Background

Ciphers

A “cipher”, in the context of this blog post. is a collection of operations that can be applied to some information which disguises its original contents. The original contents can (hopefully) only be recovered by an individual who knows the key to the cipher.

XOR

XOR (an acronym for exclusive or) is a function of two bits that produces 1 bit. The function applied is essentially additional modulo 2, i.e. x + y % 2.

This produces the following output table:

X Y X XOR Y
0 0 0
0 1 1
1 0 1
1 1 0

A useful mnemonic for remembering the above table is “One or the other, but not both”.

The two most interesting properties of the XOR function for ciphers are:

  1. x XOR x = 0
  2. x XOR 0 = x

The reason why these properties are important will become clear soon.

Repeating Key XOR Cipher

Suppose we have some text: The secret is 42, as well as a key: dog. We can encipher the text using the key by applying the XOR function between the characters in the key and the text, i.e.

ciphertext = key ^ text


To compensate for the text being longer than the key, we can repeat the key multiple times so that things line up nicely.

The secret is 42
dogdogdogdogdogd


This repeating technique is the reason why this is called a repeating key cipher.

Encrypting with a Repeating Key

The code for applying this cipher to some text file is pretty simple:

def repeating_key(key, plaintext):
    key_index = 0
    for c in plaintext:
        yield key[key_index] ^ c
        key_index = (key_index + 1) % len(key)

plaintext = open("secret.txt").read()
repeating_key(key="dog", plaintext)

Deciphering the text can be done by re-running the enciphered text through the repeating_key function.

cipher_text = repeating_key(key="dog", plaintext)
plaintext_prime = repeating_key(key="dog", str(cipher_text))

This works because of the two properties listed previously:

cipher_text = plaintext ^ key
plaintext_prime = ciphertext ^ key
                = plaintext ^ key ^ key
                = plaintext ^ 0 (propery I)
                = plaintext     (property II)

Breaking the Cipher

Unfortunately repeating key XOR ciphers are fairly easy to break using something called frequency analysis.

Suppose we assume that the space character (‘ ‘) is the most commonly occurring character in the plaintext.
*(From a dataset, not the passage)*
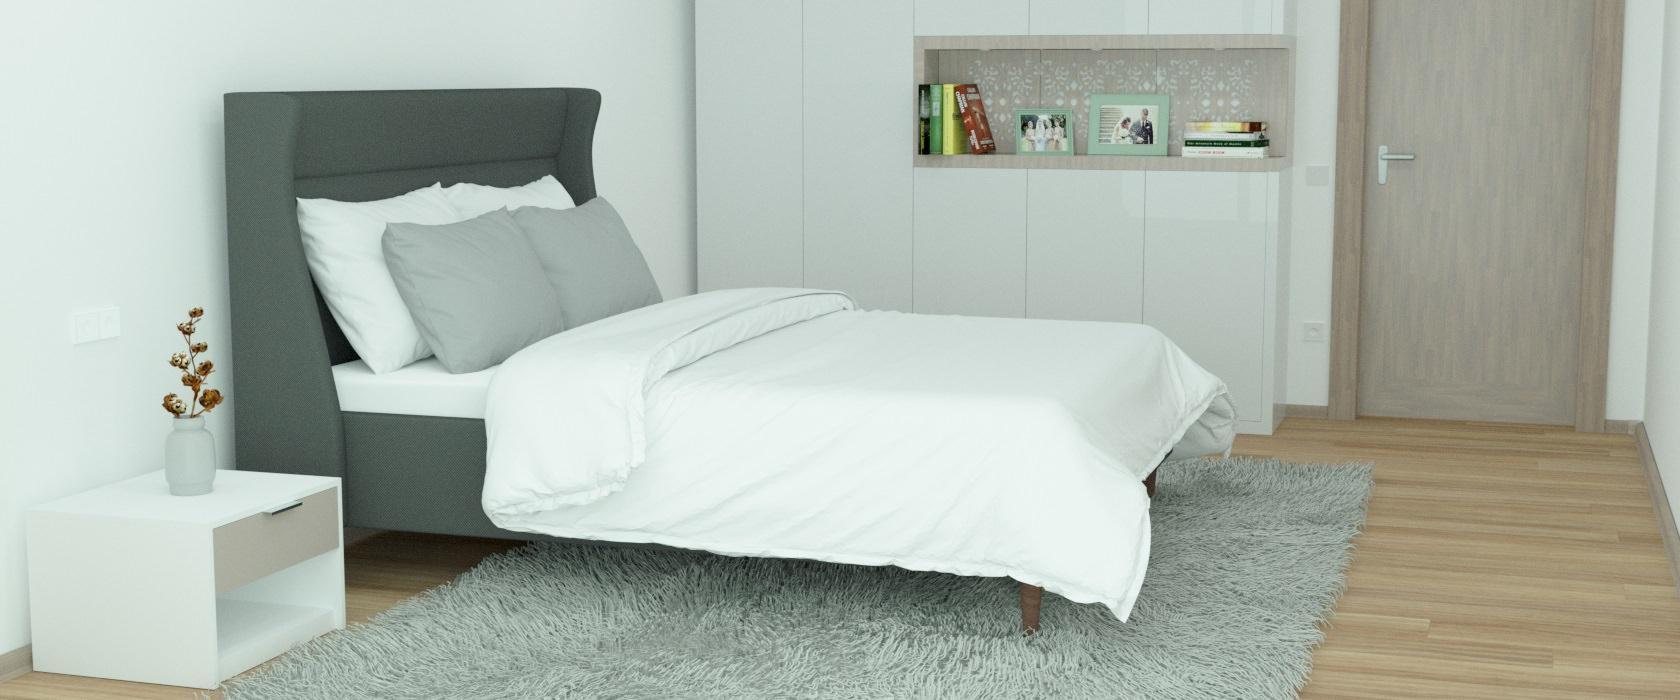 Кровать Crona - Фото 2 - Pufetto

This is a somewhat reasonable assumption that should hold for most bodies of text (that or ‘e’, which typically also occurs fairly often).

Since our encryption process simply repeated the encryption key over the text, the most common character in the ciphertext is very likely to be key ^ ' '. If we then take the most 3 commonly occurring characters of the cipher text and XOR them with ‘ ‘, the key should be revealed.
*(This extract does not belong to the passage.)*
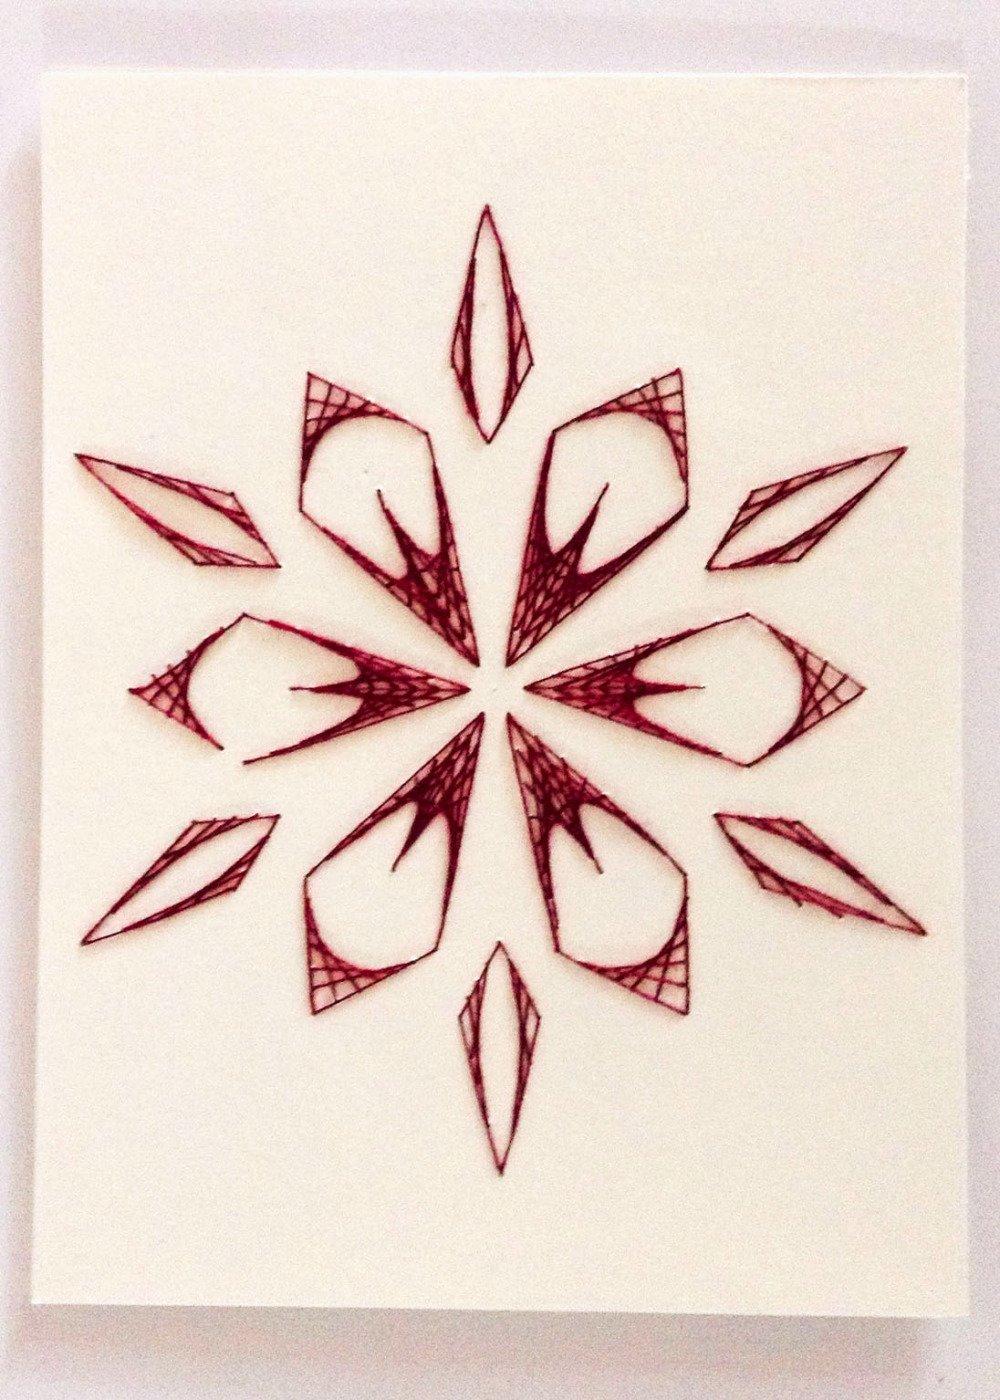 Carte faite main en fils de coton tendus sur carton, motif fleur prune

def break_repeating_key(cipher_text,
                        suspected_key_length,
                        suspected_most_common_character):
  for (character, _) in Counter(ciphertext).most_common(suspected_key_length):
    yeild chr(c ^ ord(suspected_most_common_character))

This should result in something like:

g
d
o

Which you’ll notice is our key, but slightly out of order. Finding the correct order takes a little more work, but is fairly trivial. If we make one more assumption, the language of the plaintext, we can try different orderings of the key until the resulting text contains some threshold of valid words.

def find_correct_ordering(ciphertext,
                          suspected_key_elements,
                          valid_words,
                          valid_word_threshold):
  for key_permutation in itertools.permuations(suspected_key_elements):
    words = repeating_key(key_permutation, ciphertext).split(' ')
    valid_word_count = count(lambda word: word in valid_words, words)
    if valid_word_count > valid_word_threshold:
      return suspected_key_elements
  return None

Linear Feedback XOR

XOR ciphering can be bolstered against frequency analysis by iteratively generating new key text based on the input plaintext. This technique is formally called a Linear Feedback Shift Register. Constantly generating new key text prevents from producing similar letter frequencies in the resulting cipher text.

Encrypting with Feedback

The code for a feedback XOR cipher is slightly more complicated than the repeating key variant, but still relatively straight forward.

def linear_feedback(key, plaintext):
    sliding_window = key
    for c in plaintext:
        mixer = sum(sliding_window) % 255
        cipher_char = c ^ mixer
        yield cipher_char
        sliding_window = sliding_window[1:]
        sliding_window.append(cipher_char)

The sliding_window variable here acts as our shift register, constantly changing based on the input text.

Decrypting is almost the same as encrypting, but not quite:

def linear_feedback_decrypt(key, ciphertext):
    sliding_window = key
    for c in ciphertext:
        mixer = sum(sliding_window) % 255
        plaintext_char = c ^ mixer
        yield plaintext_char
        sliding_window = sliding_window[1:]
        sliding_window.append(c)

The sliding window is populated with the raw ciphertext instead of the output of the XOR operation.

Breaking the Cipher

Simple frequency analysis no longer works, since our mixer prevents from key repetition. This type of cipher is vulnerable to a known plaintext attack, however that approach is too complicated for this blog post.